By Paul Omorogbe
An environmental activist and Director of Health of Mother Earth Foundation (HOMEF), Nnimmo Bassey, has called on the Lagos State government and its contractors to stop the dredging of Makoko waterfront and pay attention to its teeming population of residents.
According to him: “There is need for government to have open conversations with the people who have deep knowledge of the environment and have made massive economic contributions to the State. The idea of using development as a foil for grabbing waterfronts, displacing and destroying the lives and cultures of the people must be halted.”
Bassey added that “Makoko and other underserved communities in Lagos and elsewhere in Nigeria, deserved to be upgraded with adequate supply of social services and not displaced for the benefit of land speculators and other forces of accumulation by dispossession.”
It was gathered that the Lagos State government had awarded a contract for dredging and “reclaiming” the waterfront of the community.
Makoko is an important fishing community located in Yaba Local Government Area of Lagos State, overlooking the Third Mainland Bridge.
The community faces imminent displacement threats. The threat is triggered by on-going dredging of the lagoon and waterfronts in the community. This has destabilised the natural equilibrium of the lagoon ecosystems, and is impacting the people’s livelihoods and raising the spectre of flooding which could ultimately lead to permanent displacement of the inhabitants of Makoko.

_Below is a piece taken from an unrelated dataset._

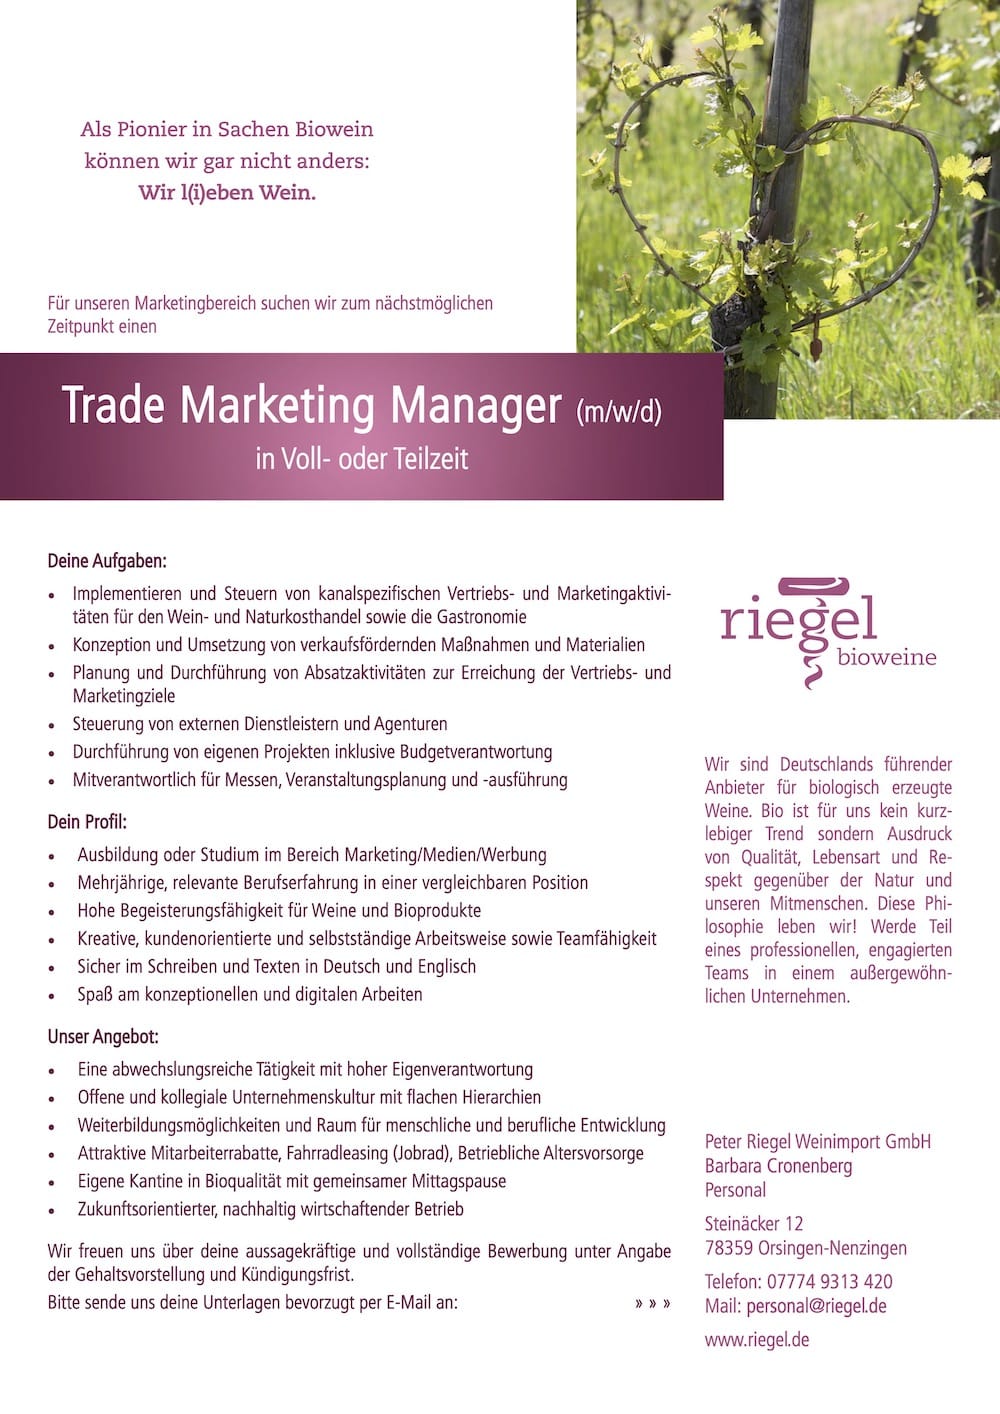 Trade Marketing Manager (m/w/d) in Voll- oder Teilzeit

HOMEF stated that having listened to distress calls by some Makoko community members, it embarked on a field study in Makoko for assessment of the issues.
According to HOMEF, in recent years, demolition threats have hung heavily over the community. The people fear that what happened in Maroko in 1990, which had 300,000 persons displaced and many lives lost, may be visited on them. It will be recalled that in 2012, the government of Lagos State demolished parts of Makoko community after purportedly giving them only 72 hours’ notice.
Less serviced communities in Lagos have faced similar fates with human rights abuses and deaths trailing such assaults.
Otodo Gbame suffered same fate on April 9, 2017 when the community woke up to see that it was surrounded by heavily armed policemen as their homes were destroyed. A more recent demolition happened in Monkey Village also in Lagos.
HOMEF believes that flood prone cities such as Lagos should cease the acts of so-called land reclamation as such activities worsen the crisis and reduce the city’s climate change resilience.
“Wetlands must remain wetlands and people who have kept such ecosystem balances should be supported and not criminalized or victimised,” stated HOMEF in a release.